Eliminating the contribution of interfering compounds is a key step in chemical analysis. In complex media, one possible approach is to perform a preliminary separation. However purification is often demanding, long, and costly; it may also considerably alter the properties of interacting components of the mixture (e.g. in a living cell). Hence there is a strong interest for developing separation-free non-invasive analytical protocols. Using photoswitchable probes as labelling and titration contrast agents, we have demonstrated that the association of a modulated light excitation with a kinetic filtering of the overall observable is much more attractive than constant excitation to read-out the contribution from a target probe under adverse conditions (Figure 1).
Figure 1. Principle of temporally modulated light excitation and kinetic filtering for selective imaging of photoswitchable probes exchanging between two states of different brightness. Constant illumination reveals all spectrally similar probes of a mixture (top). In contrast, matching the parameters of the modulated illumination (mean intensity, radial frequency of modulation) with the dynamics of a targeted photoswitchable probe permits to selectively retrieve its contribution from the amplitude of the modulated components of the overall signal in the presence of spectrally interfering species, photoswitchable or not (bottom).
An extensive theoretical framework enabled us recently to optimize the out-of-phase concentration first-order response of a photoswitchable probe to modulated illumination by appropriately matching the average illumination and the radial frequency of the light modulation to the probe dynamics. Thus, we can selectively and quantitatively extract from an overall signal the contribution from a target photoswitchable probe within a mixture of species, photoswitchable or not.
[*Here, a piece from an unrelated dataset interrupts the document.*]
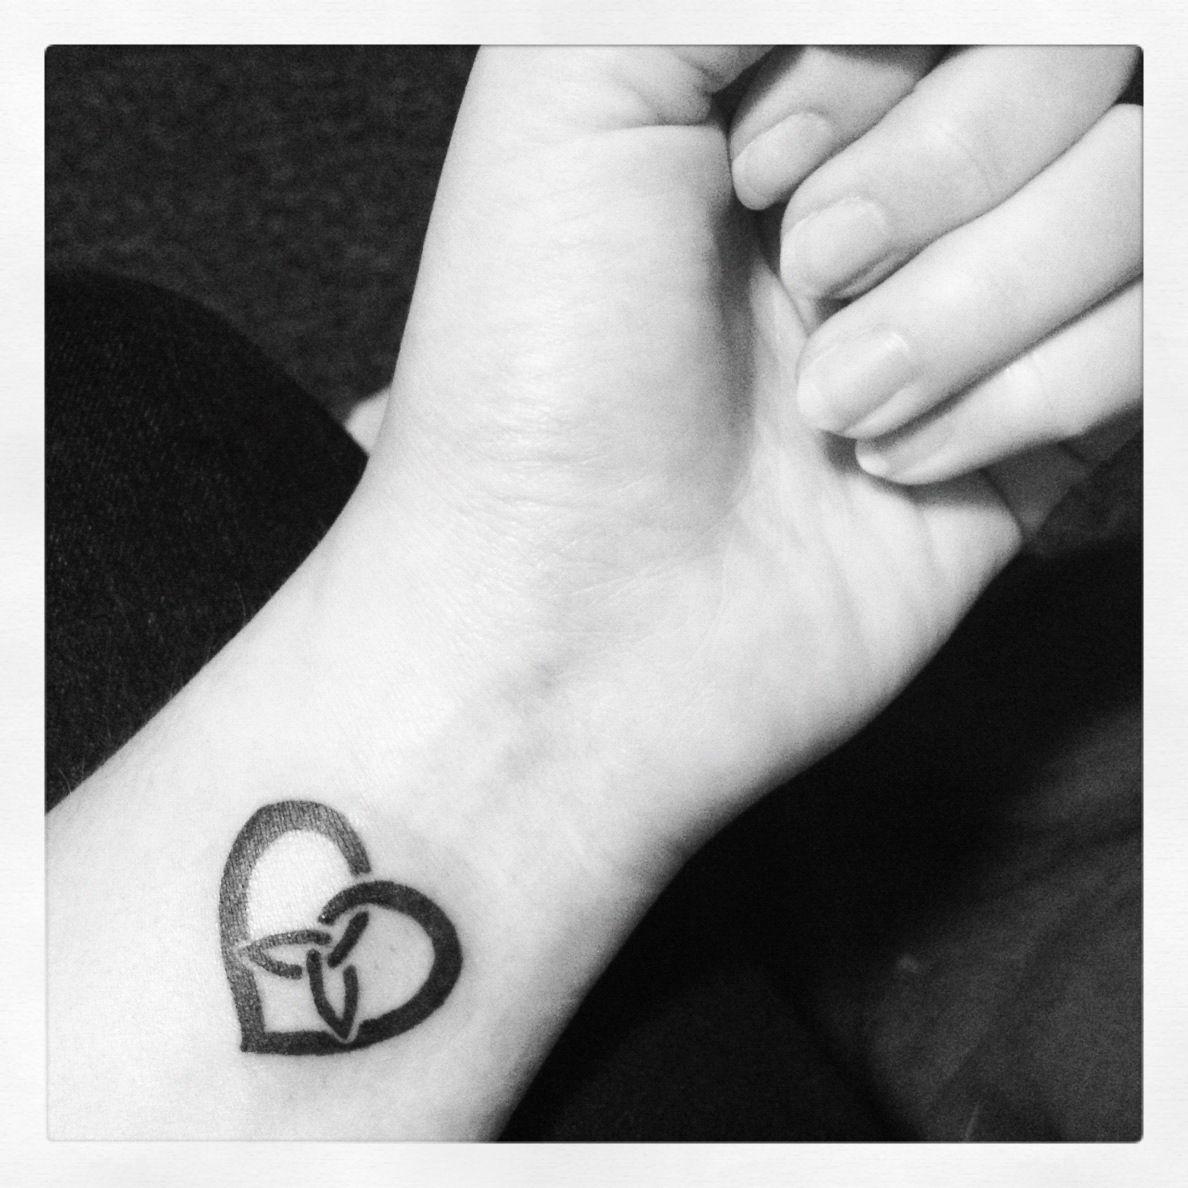 Heart, with trinity symbol...sister tat ideas with lysh

This simple titration strategy has been more specifically developed in the context of fluorescence imaging by introducing OPIOM (Out-of-Phase Imaging after Optical Modulation), which offers promising perspectives (Figure 2).
Figure 2. OPIOM application in mammalian HEK293 cells and in 24 hpf zebrafish embryos. a, b: Selective imaging of nuclear Dronpa-3 against membrane-localized EGFP; c, d: Selective imaging of Lifeact-Dronpa-3 against autofluorescence. Fixed (a) or live (b) cells, and zebrafish embryo (c, d) were imaged by epifluorescence (a–c) or single plane illumination microscope (SPIM, d; the dashed rectangles indicate the zone illuminated by the thinnest part of the light sheet) upon illuminating with sinusoidal (a–c) or square wave (d) light modulation of large amplitude tuned on the resonance of Dronpa-3. Images labeled Pre-OPIOM and OPIOM correspond to respectively the unfiltered and OPIOM-filtered images. Scale bars represent 50 μm.
J. Quérard, T. Le Saux, A. Gautier, D. Alcor, V. Croquette, A. Lemarchand, C. Gosse, L. Jullien, Kinetics of reactive modules adds discriminative dimensions for selective cell imaging, ChemPhysChem, 2016, 17, 1396 – 1413.
J. Querard, T.-Z. Markus, M.-A. Plamont, C. Gauron, P. Wang, A. Espagne, M. Volovitch, S. Vriz, V. Croquette, A. Gautier, T. Le Saux, L. Jullien, Photoswitching kinetics and phase sensitive detection add discriminative dimensions for selective fluorescence imaging, Angew. Chem. Int. Ed., 2015, 54, 2633 – 2637.
J. Querard, A. Gautier, T. Le Saux, L. Jullien, Expanding discriminative dimensions for analysis and imaging, Chem. Sci., 2015, 6, 2968 – 2978.